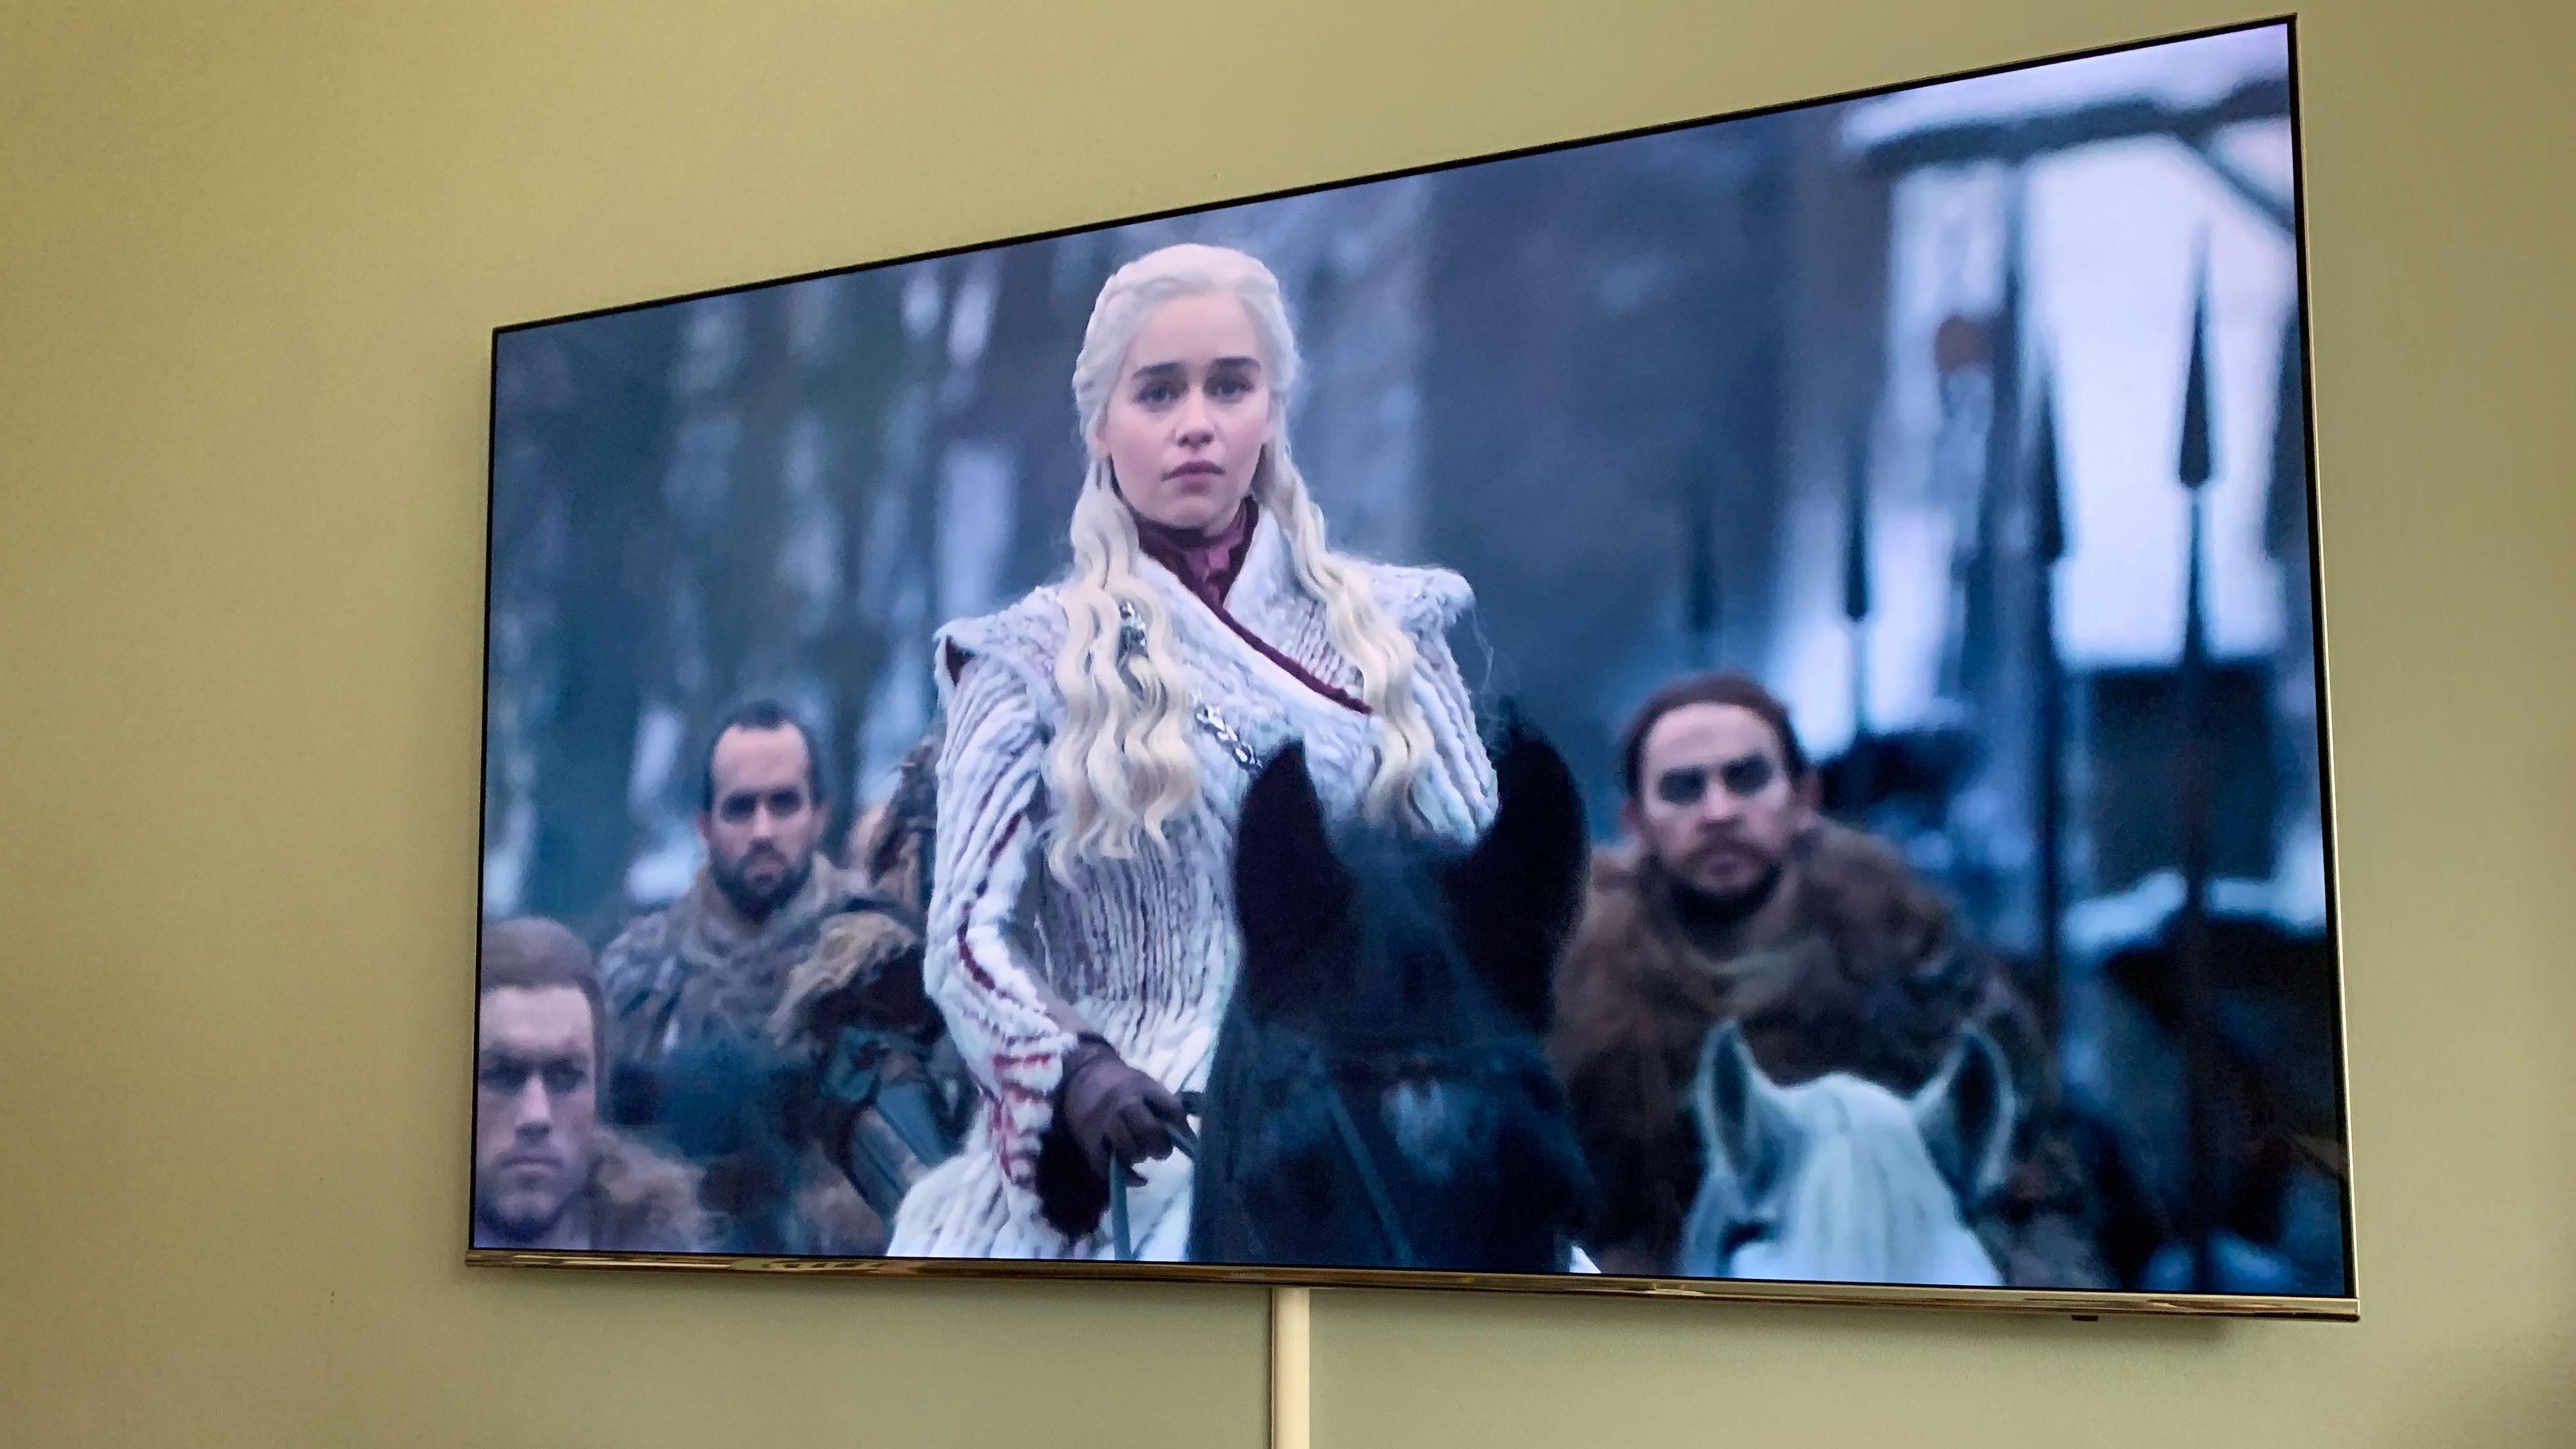 Strømmekvaliteten til HBO er en skam
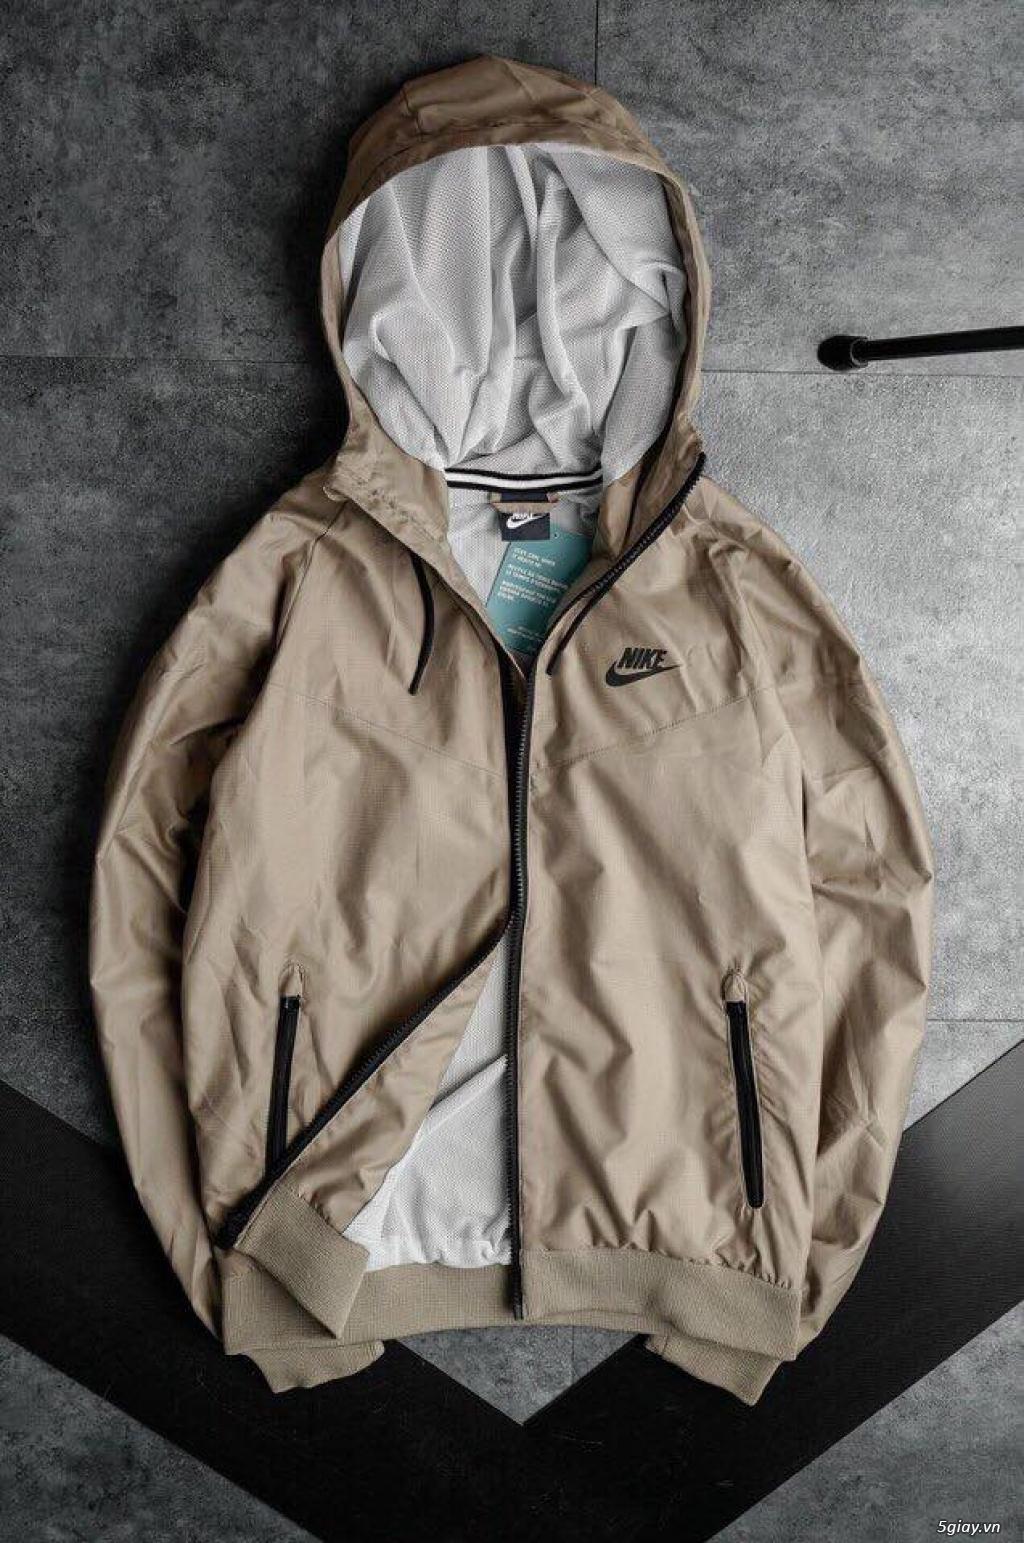 [Trùm Áo Khoác]-Chuyên kinh doanh Sỉ & Lẻ áo khoác NIKE, Adidas, Zara, Uniqlo ... chính hãng giá tốt - 44
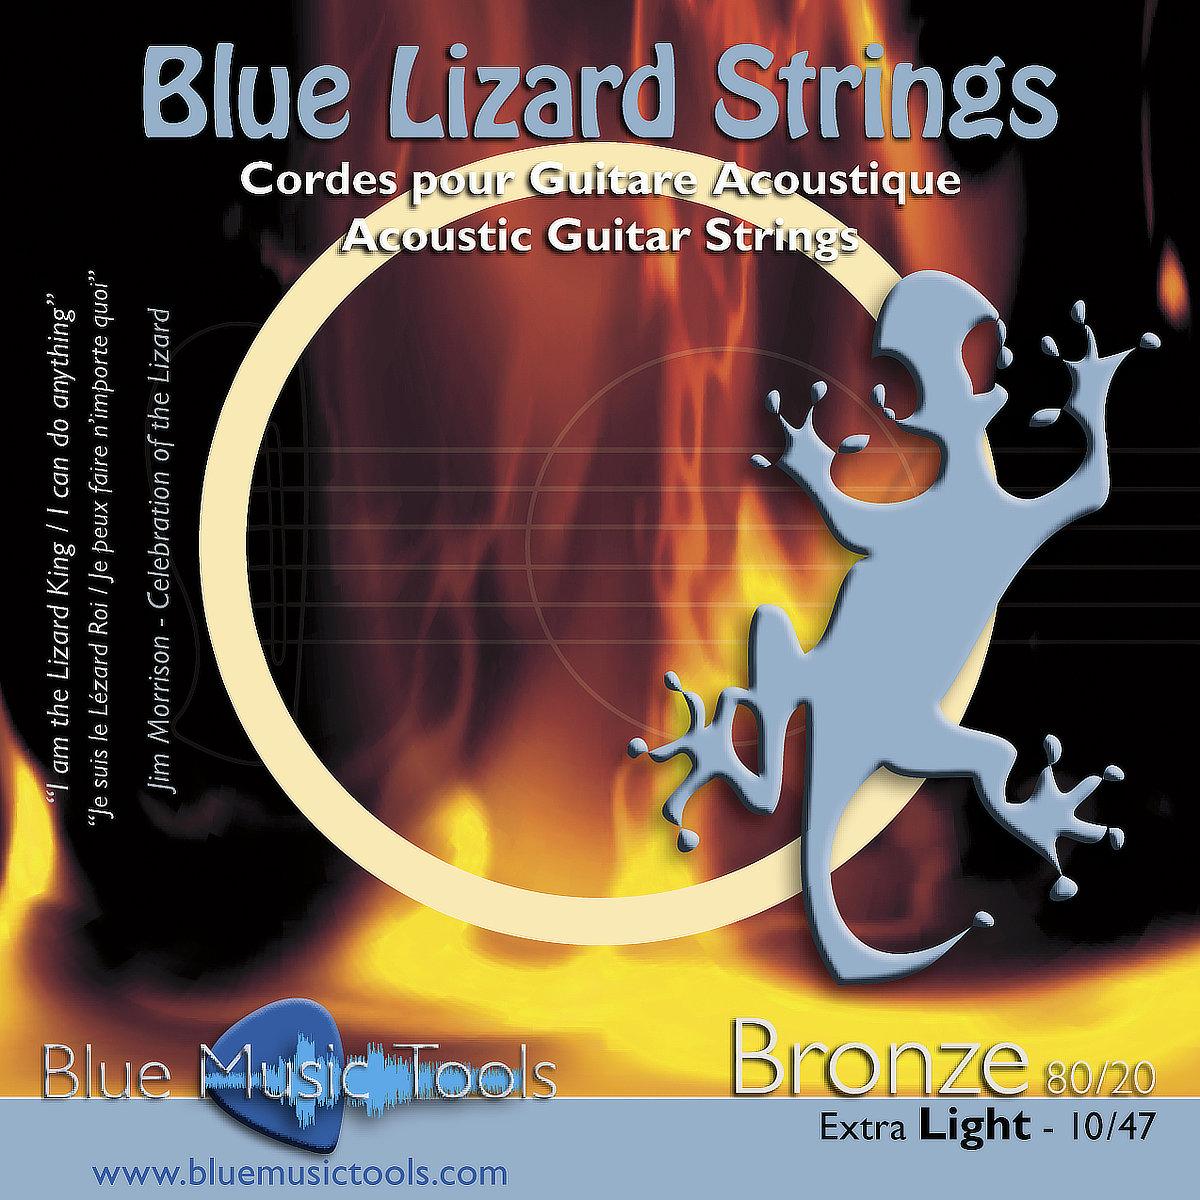 Cordes pour guitares acoustiques 10/47

Description of the task —
Write down the full listing above exactly as it is, except for any images.

Solution —
 Strømmekvaliteten til HBO er en skam
 [Trùm Áo Khoác]-Chuyên kinh doanh Sỉ & Lẻ áo khoác NIKE, Adidas, Zara, Uniqlo ... chính hãng giá tốt - 44
 Cordes pour guitares acoustiques 10/47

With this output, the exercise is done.